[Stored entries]
┄┄┄┄┄┄┄┄┄┄┄┄┄┄┄┄┄┄┄┄

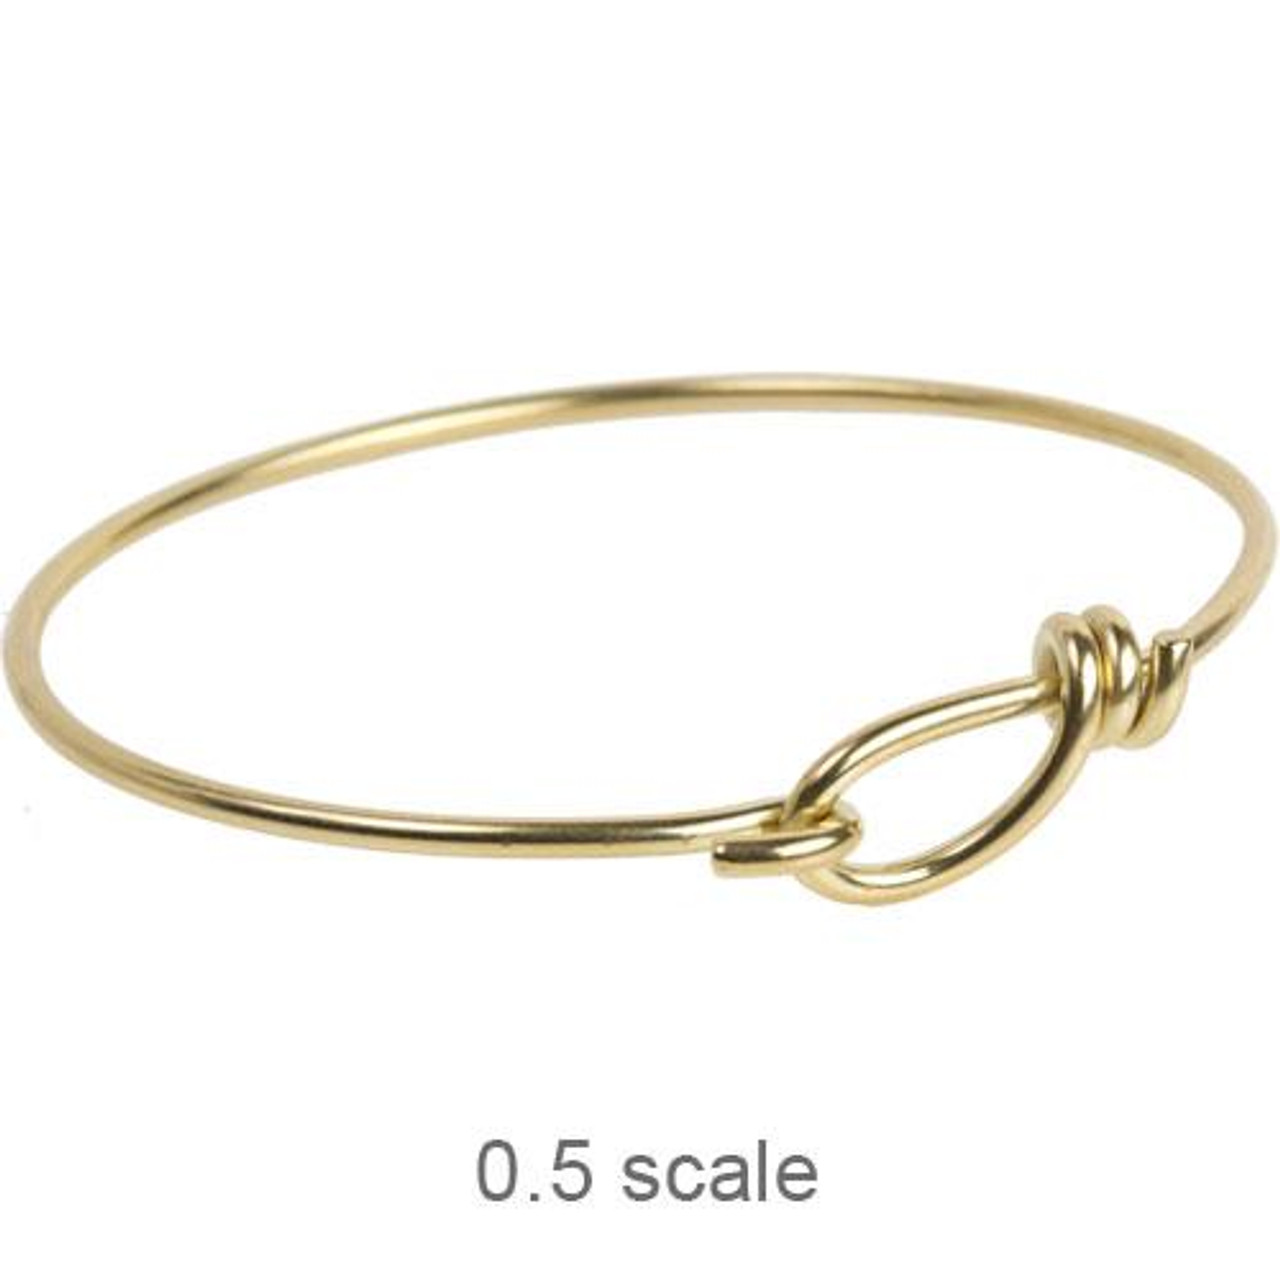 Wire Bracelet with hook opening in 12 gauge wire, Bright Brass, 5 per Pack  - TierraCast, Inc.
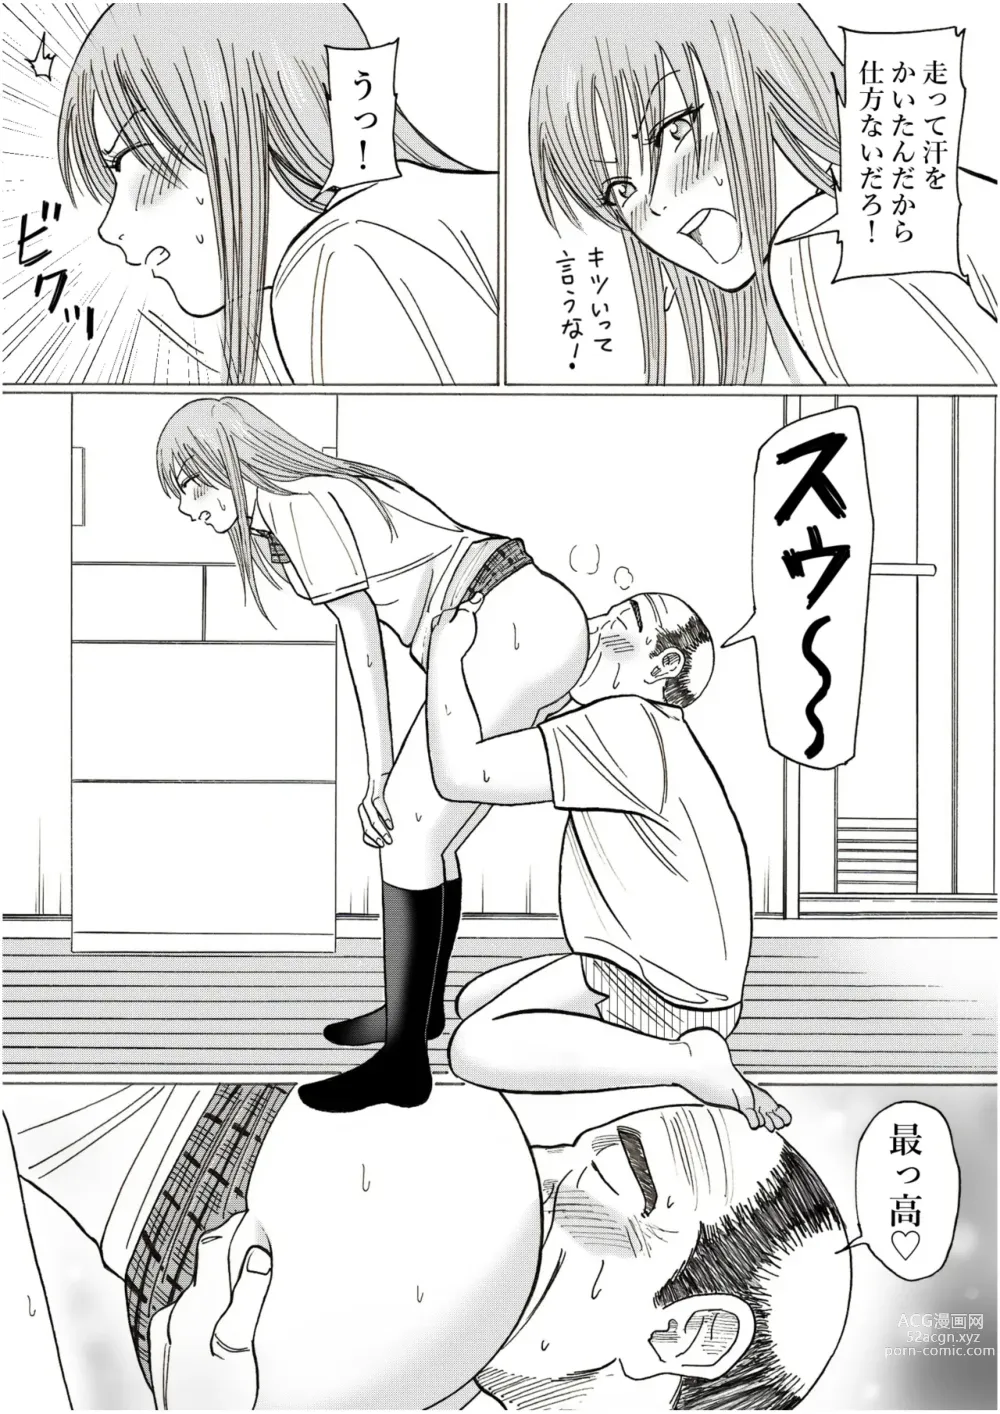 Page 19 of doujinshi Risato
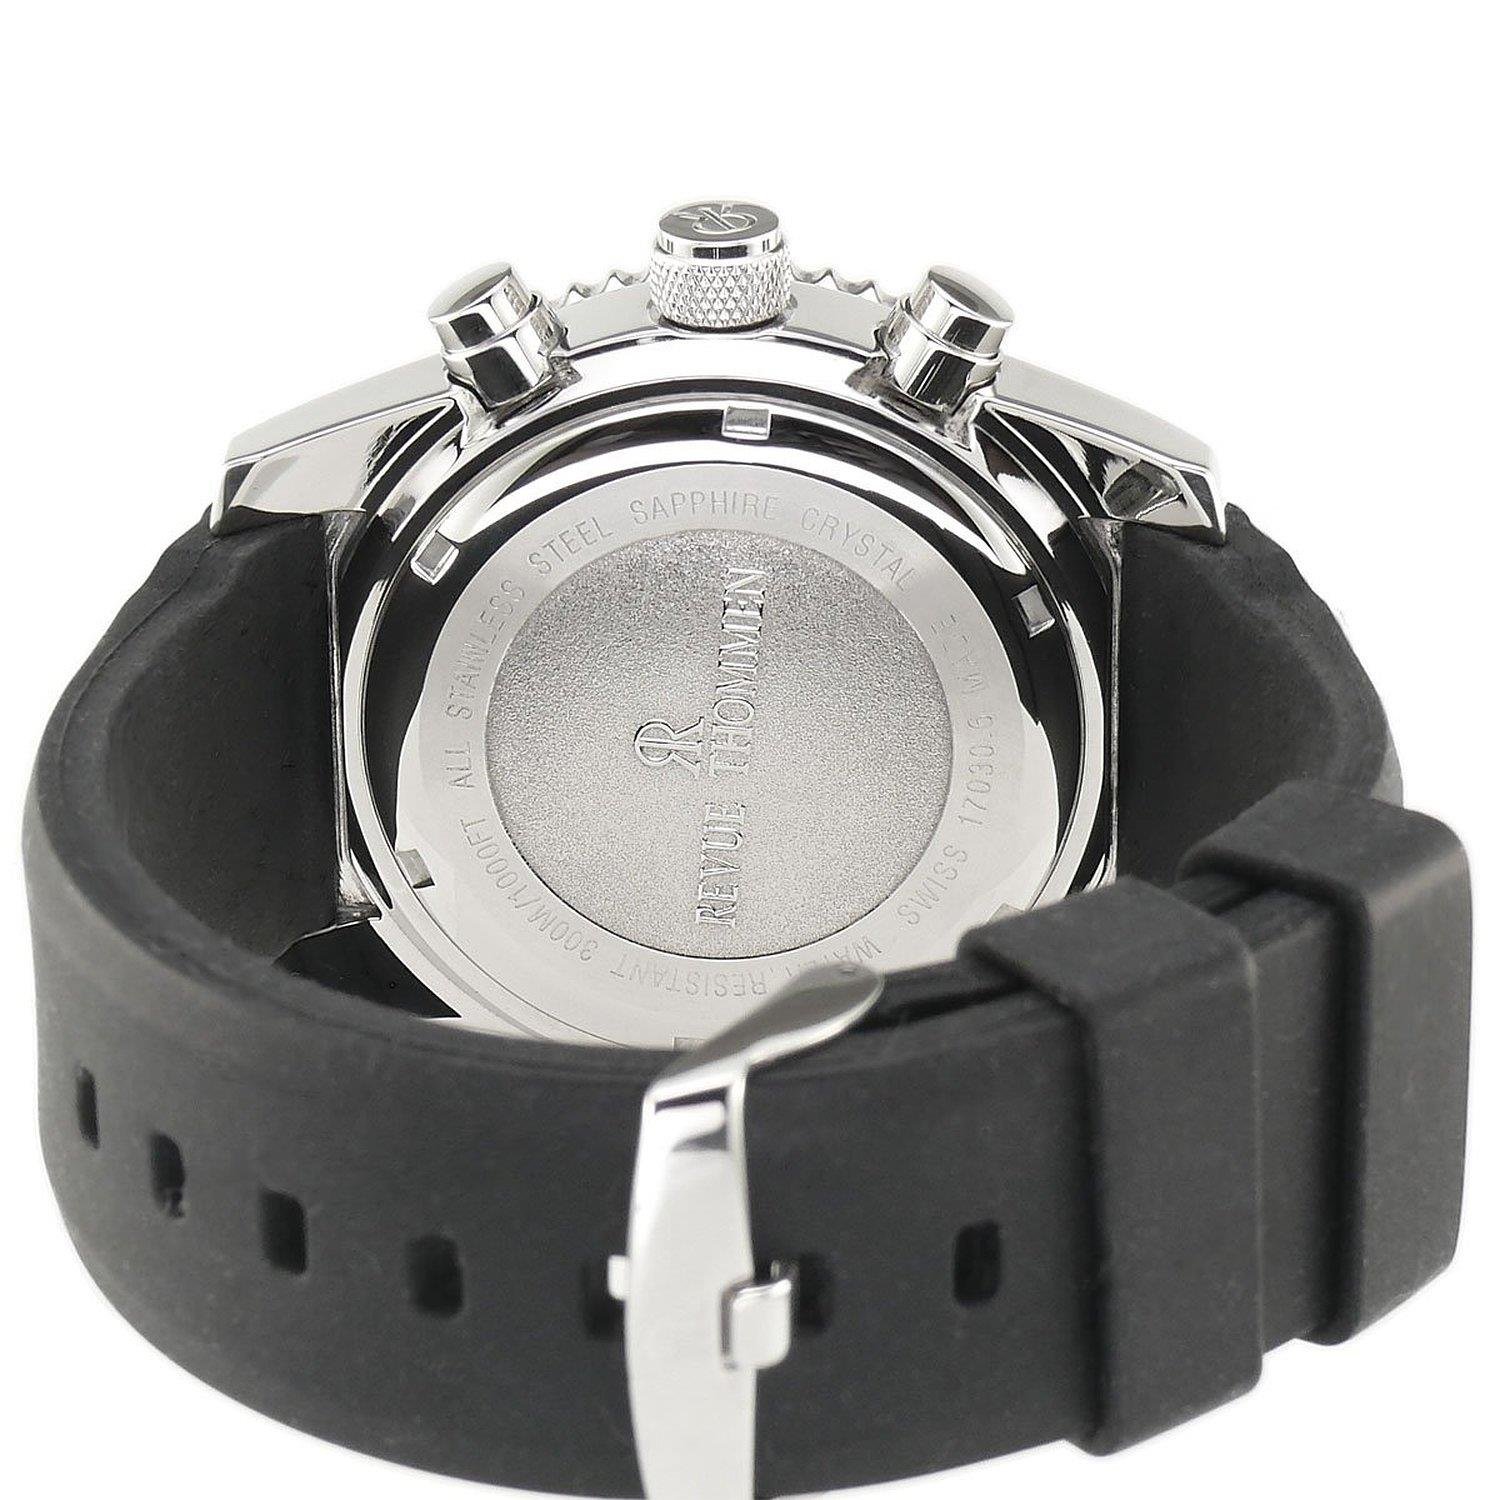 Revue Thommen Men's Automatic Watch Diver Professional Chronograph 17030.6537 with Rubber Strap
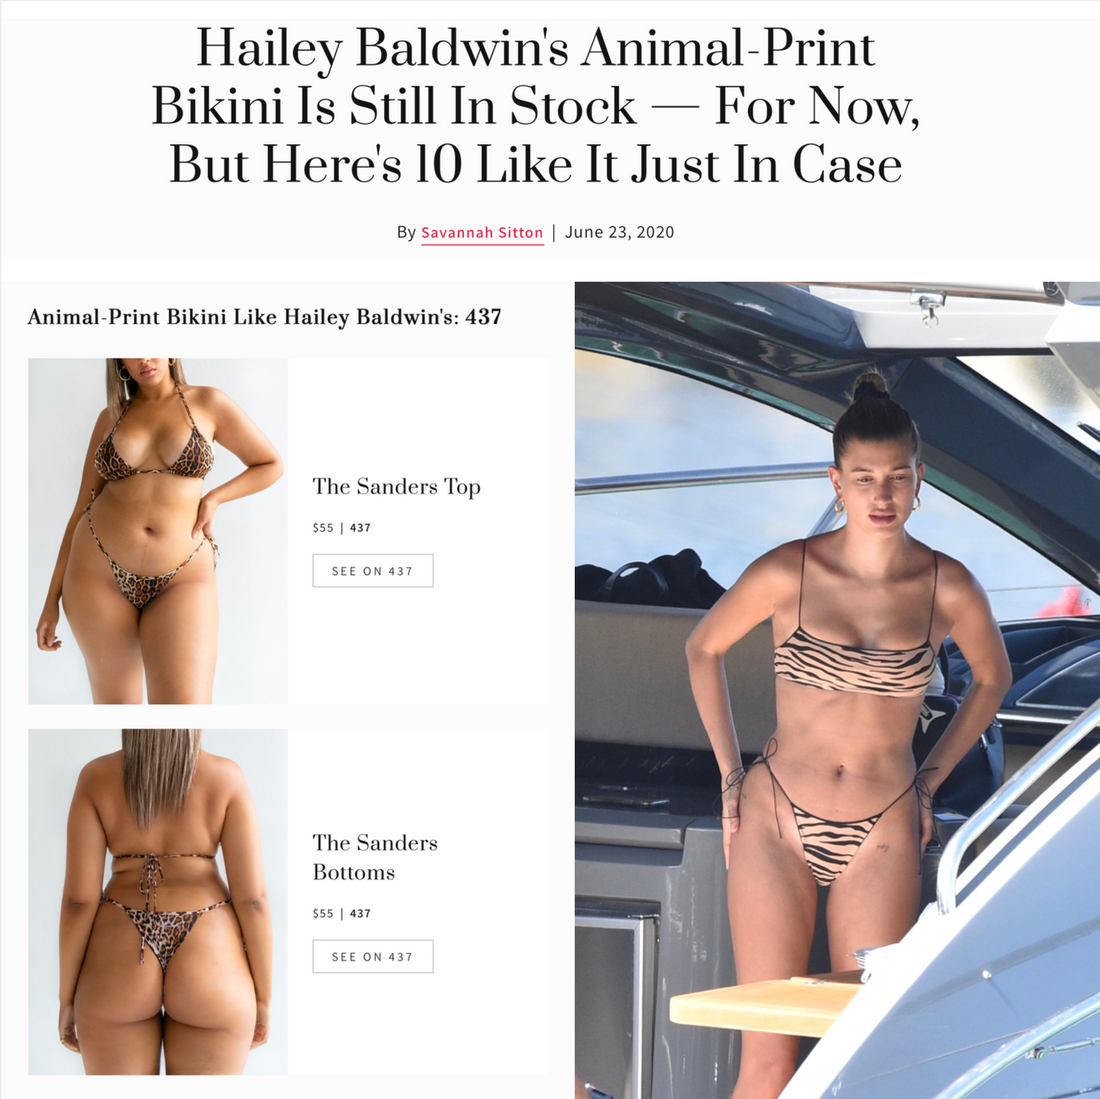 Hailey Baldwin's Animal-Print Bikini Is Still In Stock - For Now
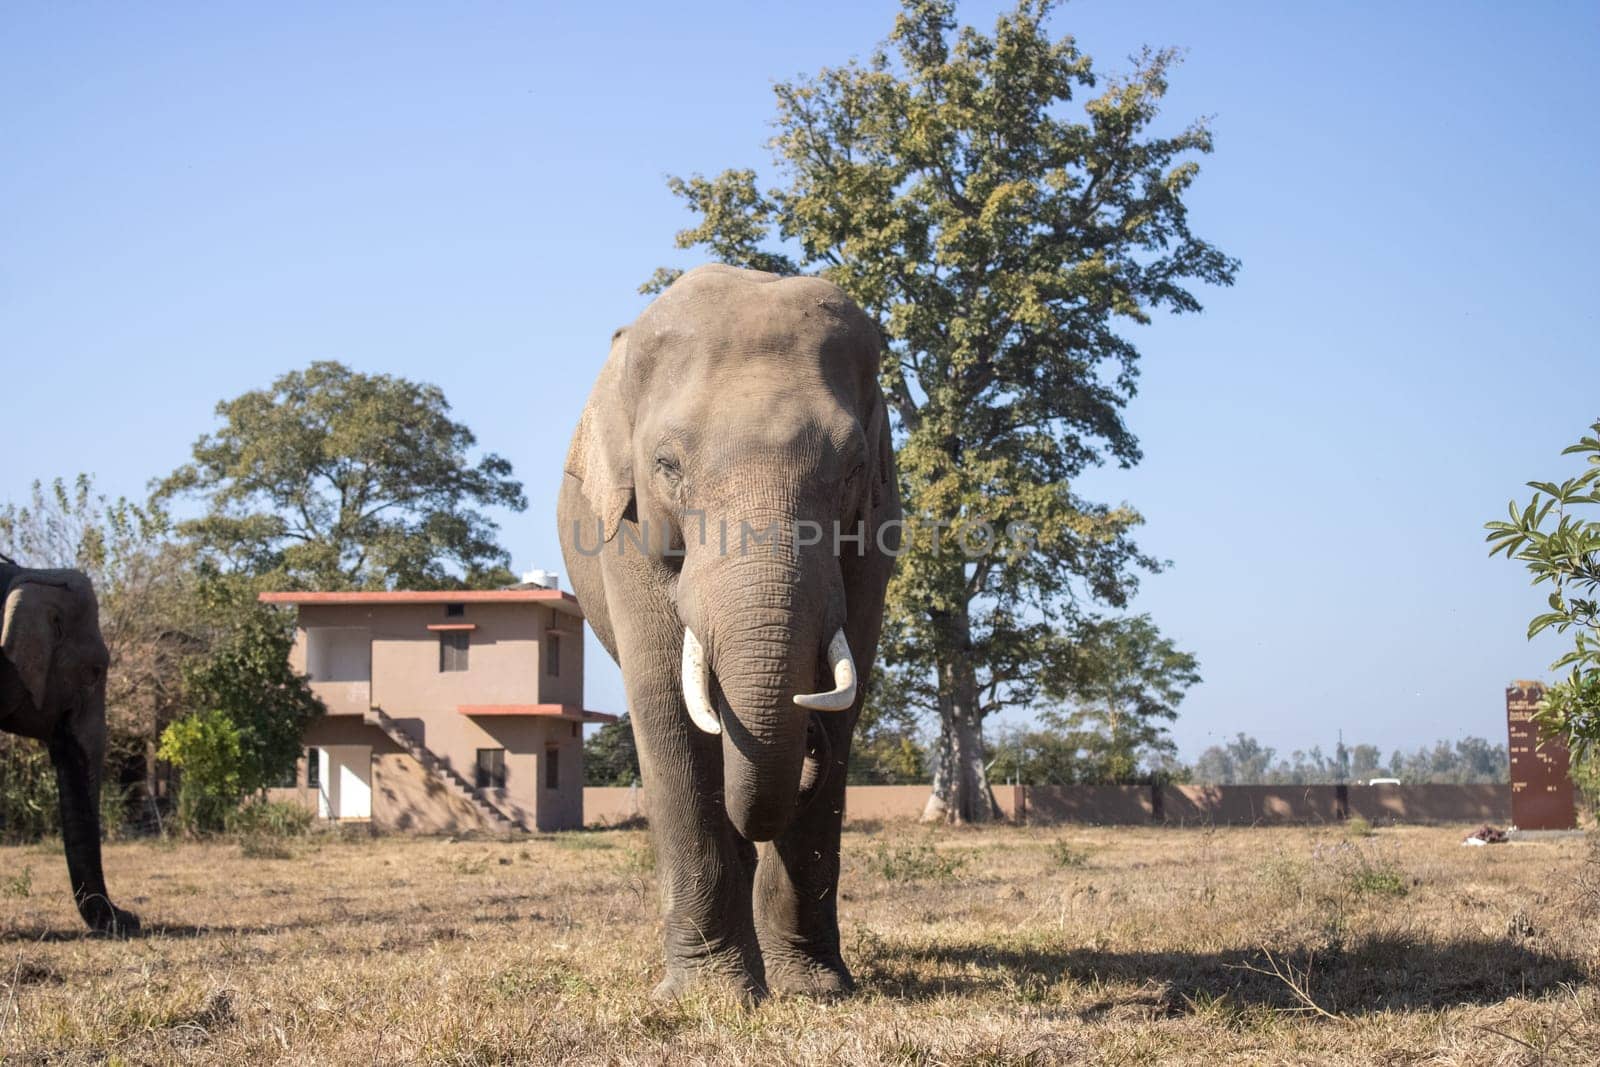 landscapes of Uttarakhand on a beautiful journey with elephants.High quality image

┄┄┄┄┄┄┄┄┄┄┄┄┄┄┄┄┄┄┄┄

Starting at the line that contains "Hailey Baldwin's Animal-Print", retype each line through the end of the data exactly, and leave out every picture.

▸ WRITTEN REPLY:
 Hailey Baldwin's Animal-Print Bikini Is Still In Stock - For Now
 landscapes of Uttarakhand on a beautiful journey with elephants.High quality image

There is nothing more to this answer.